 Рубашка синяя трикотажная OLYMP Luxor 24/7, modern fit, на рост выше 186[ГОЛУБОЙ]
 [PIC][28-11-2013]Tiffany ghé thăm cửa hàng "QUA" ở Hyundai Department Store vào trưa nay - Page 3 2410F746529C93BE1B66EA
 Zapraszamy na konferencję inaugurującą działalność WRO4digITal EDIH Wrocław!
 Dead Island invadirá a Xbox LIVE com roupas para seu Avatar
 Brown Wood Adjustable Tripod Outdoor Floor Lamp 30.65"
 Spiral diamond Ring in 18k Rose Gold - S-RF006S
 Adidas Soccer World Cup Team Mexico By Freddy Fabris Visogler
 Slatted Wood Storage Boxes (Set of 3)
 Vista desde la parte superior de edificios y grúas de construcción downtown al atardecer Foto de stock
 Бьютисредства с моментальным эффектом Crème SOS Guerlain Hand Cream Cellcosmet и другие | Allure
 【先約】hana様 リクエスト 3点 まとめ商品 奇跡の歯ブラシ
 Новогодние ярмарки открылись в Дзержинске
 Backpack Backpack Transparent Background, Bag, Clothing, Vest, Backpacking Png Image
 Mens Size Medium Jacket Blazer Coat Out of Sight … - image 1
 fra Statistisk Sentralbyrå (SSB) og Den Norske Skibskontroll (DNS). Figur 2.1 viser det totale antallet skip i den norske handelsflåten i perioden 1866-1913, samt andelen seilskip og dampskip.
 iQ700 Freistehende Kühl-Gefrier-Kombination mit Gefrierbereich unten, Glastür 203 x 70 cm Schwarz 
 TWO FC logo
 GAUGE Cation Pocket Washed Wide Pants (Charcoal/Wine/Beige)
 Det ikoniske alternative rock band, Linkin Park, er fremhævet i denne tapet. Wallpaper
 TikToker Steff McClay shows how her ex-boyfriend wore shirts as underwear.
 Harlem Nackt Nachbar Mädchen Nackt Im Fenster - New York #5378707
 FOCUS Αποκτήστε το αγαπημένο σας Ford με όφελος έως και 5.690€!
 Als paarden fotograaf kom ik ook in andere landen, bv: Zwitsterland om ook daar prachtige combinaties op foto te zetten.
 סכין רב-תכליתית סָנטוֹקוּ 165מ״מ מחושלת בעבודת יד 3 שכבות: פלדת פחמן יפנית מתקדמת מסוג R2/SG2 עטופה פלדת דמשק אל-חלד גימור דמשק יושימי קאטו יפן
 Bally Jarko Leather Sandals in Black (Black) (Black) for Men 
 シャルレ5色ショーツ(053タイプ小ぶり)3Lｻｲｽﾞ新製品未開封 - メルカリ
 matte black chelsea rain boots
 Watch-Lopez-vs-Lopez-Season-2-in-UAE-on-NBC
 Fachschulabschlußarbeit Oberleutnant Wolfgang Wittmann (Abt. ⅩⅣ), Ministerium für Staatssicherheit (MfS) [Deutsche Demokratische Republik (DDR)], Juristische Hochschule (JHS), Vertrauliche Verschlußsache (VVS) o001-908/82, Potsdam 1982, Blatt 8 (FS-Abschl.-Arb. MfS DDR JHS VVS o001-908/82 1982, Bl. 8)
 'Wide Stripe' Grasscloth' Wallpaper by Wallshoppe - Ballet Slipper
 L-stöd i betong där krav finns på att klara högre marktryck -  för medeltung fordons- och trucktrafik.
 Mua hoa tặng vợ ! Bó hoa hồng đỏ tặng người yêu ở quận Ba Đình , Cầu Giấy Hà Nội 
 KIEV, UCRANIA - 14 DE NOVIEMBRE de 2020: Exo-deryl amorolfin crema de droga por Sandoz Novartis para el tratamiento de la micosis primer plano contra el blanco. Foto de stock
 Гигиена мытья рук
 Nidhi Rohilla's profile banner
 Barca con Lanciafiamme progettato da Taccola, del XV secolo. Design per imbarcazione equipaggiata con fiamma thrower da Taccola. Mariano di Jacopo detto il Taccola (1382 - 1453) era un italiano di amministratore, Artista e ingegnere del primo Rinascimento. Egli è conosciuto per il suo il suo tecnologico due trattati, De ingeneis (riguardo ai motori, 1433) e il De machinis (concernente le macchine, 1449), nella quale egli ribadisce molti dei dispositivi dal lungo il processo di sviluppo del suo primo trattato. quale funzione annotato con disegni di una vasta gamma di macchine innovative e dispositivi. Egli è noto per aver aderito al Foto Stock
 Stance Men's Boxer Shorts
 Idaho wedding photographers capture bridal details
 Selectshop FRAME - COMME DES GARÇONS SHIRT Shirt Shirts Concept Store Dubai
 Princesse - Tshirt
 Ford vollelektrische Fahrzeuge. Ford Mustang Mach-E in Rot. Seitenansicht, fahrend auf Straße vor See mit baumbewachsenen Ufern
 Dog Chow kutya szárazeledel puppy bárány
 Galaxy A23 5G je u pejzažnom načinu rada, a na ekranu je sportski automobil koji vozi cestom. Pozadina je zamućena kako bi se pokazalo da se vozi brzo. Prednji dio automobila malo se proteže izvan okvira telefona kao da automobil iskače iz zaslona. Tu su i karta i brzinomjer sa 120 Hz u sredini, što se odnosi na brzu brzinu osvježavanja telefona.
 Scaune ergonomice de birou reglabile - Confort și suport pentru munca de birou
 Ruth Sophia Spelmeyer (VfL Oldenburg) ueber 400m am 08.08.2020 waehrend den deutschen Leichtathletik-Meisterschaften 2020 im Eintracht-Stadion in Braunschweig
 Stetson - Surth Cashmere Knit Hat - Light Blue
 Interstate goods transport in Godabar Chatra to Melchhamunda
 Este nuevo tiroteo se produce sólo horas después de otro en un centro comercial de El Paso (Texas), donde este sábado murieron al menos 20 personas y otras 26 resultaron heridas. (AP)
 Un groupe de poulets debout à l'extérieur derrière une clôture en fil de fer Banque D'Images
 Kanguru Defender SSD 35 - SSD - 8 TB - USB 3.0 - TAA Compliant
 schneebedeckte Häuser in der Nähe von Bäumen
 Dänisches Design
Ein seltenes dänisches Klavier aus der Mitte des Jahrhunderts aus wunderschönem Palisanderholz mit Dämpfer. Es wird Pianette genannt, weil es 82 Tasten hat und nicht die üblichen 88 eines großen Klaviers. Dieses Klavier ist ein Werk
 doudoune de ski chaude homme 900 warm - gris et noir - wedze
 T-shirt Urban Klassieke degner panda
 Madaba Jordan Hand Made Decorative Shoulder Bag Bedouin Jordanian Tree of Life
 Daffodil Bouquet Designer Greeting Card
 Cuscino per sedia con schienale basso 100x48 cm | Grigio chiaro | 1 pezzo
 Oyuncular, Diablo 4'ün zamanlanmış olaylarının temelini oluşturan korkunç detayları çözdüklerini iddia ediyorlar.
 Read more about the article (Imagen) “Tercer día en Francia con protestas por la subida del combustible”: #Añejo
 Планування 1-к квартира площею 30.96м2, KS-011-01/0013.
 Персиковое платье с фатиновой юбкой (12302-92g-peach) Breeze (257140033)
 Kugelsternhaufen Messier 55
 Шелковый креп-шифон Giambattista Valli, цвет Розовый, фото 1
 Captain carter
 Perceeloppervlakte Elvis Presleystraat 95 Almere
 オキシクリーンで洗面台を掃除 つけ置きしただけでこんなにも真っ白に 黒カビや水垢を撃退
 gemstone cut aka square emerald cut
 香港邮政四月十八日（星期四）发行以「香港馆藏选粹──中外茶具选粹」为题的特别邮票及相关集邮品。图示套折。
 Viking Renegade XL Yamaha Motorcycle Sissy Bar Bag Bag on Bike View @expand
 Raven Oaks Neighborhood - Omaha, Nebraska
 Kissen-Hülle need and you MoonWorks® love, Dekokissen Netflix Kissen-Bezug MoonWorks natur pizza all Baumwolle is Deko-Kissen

☆ ☆ ☆ ☆ ☆

## EXERCISE OBJECTIVE
Copy out only the lines running from the beginning of the data to the line with "FOCUS Αποκτήστε το", both ends included.

## SOLUTION FOR THIS TASK
 Рубашка синяя трикотажная OLYMP Luxor 24/7, modern fit, на рост выше 186[ГОЛУБОЙ]
 [PIC][28-11-2013]Tiffany ghé thăm cửa hàng "QUA" ở Hyundai Department Store vào trưa nay - Page 3 2410F746529C93BE1B66EA
 Zapraszamy na konferencję inaugurującą działalność WRO4digITal EDIH Wrocław!
 Dead Island invadirá a Xbox LIVE com roupas para seu Avatar
 Brown Wood Adjustable Tripod Outdoor Floor Lamp 30.65"
 Spiral diamond Ring in 18k Rose Gold - S-RF006S
 Adidas Soccer World Cup Team Mexico By Freddy Fabris Visogler
 Slatted Wood Storage Boxes (Set of 3)
 Vista desde la parte superior de edificios y grúas de construcción downtown al atardecer Foto de stock
 Бьютисредства с моментальным эффектом Crème SOS Guerlain Hand Cream Cellcosmet и другие | Allure
 【先約】hana様 リクエスト 3点 まとめ商品 奇跡の歯ブラシ
 Новогодние ярмарки открылись в Дзержинске
 Backpack Backpack Transparent Background, Bag, Clothing, Vest, Backpacking Png Image
 Mens Size Medium Jacket Blazer Coat Out of Sight … - image 1
 fra Statistisk Sentralbyrå (SSB) og Den Norske Skibskontroll (DNS). Figur 2.1 viser det totale antallet skip i den norske handelsflåten i perioden 1866-1913, samt andelen seilskip og dampskip.
 iQ700 Freistehende Kühl-Gefrier-Kombination mit Gefrierbereich unten, Glastür 203 x 70 cm Schwarz 
 TWO FC logo
 GAUGE Cation Pocket Washed Wide Pants (Charcoal/Wine/Beige)
 Det ikoniske alternative rock band, Linkin Park, er fremhævet i denne tapet. Wallpaper
 TikToker Steff McClay shows how her ex-boyfriend wore shirts as underwear.
 Harlem Nackt Nachbar Mädchen Nackt Im Fenster - New York #5378707
 FOCUS Αποκτήστε το αγαπημένο σας Ford με όφελος έως και 5.690€!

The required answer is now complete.